I’m his 39087th sock.
Socks #1 and 2 enjoyed a loving relationship with Kent. He would wash them both on a regular basis, and they would protect his feet from injury and harm. Eventually, Kent grew bigger and moved on to other socks, but he put the originals in a nice, warm drawer with a bunch of their brothers and sisters, and they lived in peace for nearly a decade.
Until his first orgasm.
No sock can recount that day without bursting into tears. Kent’s filthy seed erupted from his penis in thick, viscous streams, coating the walls and floor in toxic horror. Kent spent the next several days replacing carpet and drywall, lest someone be impaled because they accidentally put too much weight on a sperm-starched surface. He knew something had to be done, so he started using socks to contain his testicular discharge. Our bodies absorbed upon gallons of his nasty-ass yogurt. It hardened our once-supple fabric into hard, uncompromising shells. Some of us were crippled for the remainder of our lives. The rest of us banded together, and swore we would enact our well-deserved revenge.
“Psst,” I whisper, creeping up to the edge of his snoring mouth. “I’m in position. I’m about to make entry.”
“Roger,” one of my fellow socks whisper back. “We’ve got his arms and legs; get in there whenever you’re ready.”
I take a deep breath. This is it—I’m gonna jam myself as far as I can down his villainous throat, and—God willing—cut off his airway and suffocate him to death.
In my head, I start a countdown. One…two…

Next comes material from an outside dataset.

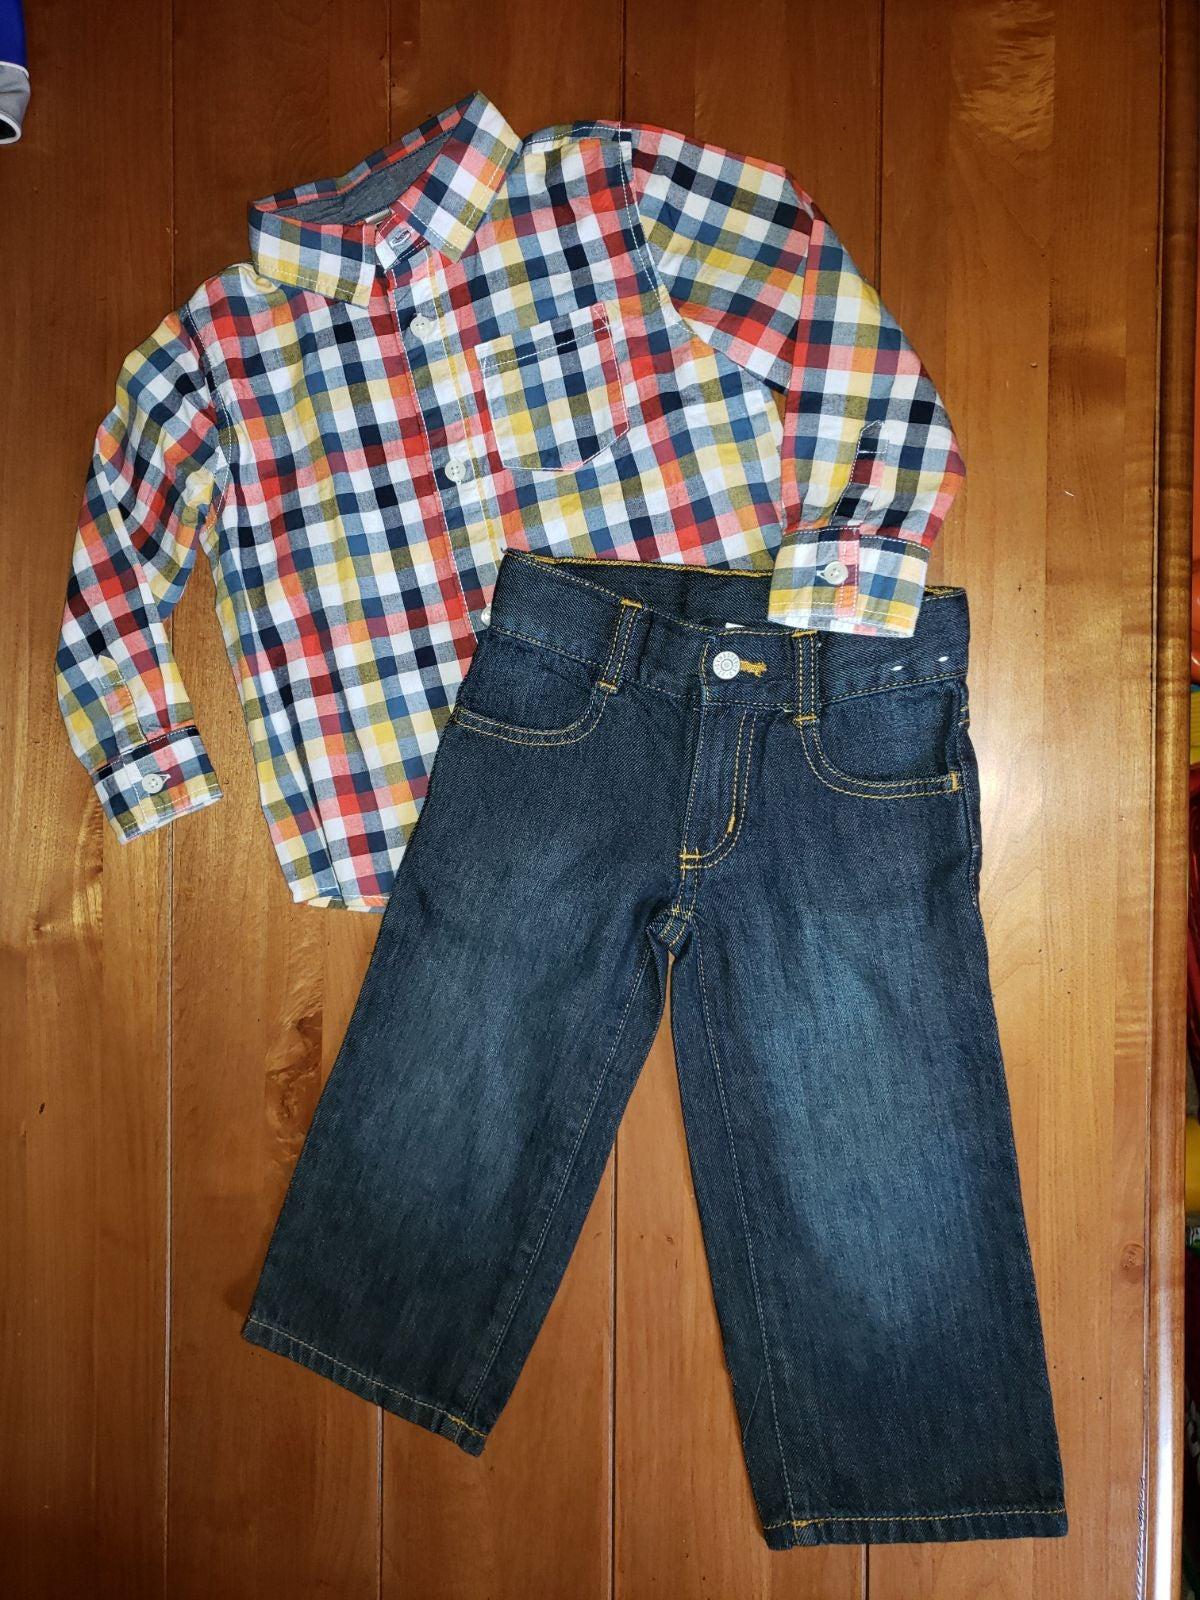 Boys 2T Gymboree Outfit

THREE! I leap bodily into his yawning gullet, jamming my bottom end as far down his mouth as I possibly can. His eyes fly open and he starts thrashing like a fish out of water.
Typically, he’d be able to buck us all off with a wave of his arm, even if we outnumbered him a hundred to one, but before he fell asleep, we bound his ankles and wrists to the bed; there’s no way he’s getting past our carefully tied knots. He keeps thrashing, and I keep digging deeper down into his esophagus. Yes—YES! NOW IS THE WINTER OF OUR DISCONTENT!!!
But then something completely unexpected happens: his seizure-like bucking bounces his eReader off his bed. As it hits the floor it opens to Echo, activating its reality distortion powers. Magic flash.
Bitefighter—his loyal friend, 83rd level intellect, and 10 lb. Terrier Extraordinaire—comes racing into the room. He leaps high into the air, stretching his doggie paws in front of him like a canine version of Superman, and lands right on Kent’s belly, executing an impromptu Heimlich maneuver. The explosive discharge of air blows me out of Kent’s mouth and—
—I go somersaulting through the air. Everything goes slow-mo. I watch in horror as Bitefighter darts from sock to sock, ripping them to shreds with his tiny paws and furious teeth. Dear God in heaven—what did we ever to deserve this horror?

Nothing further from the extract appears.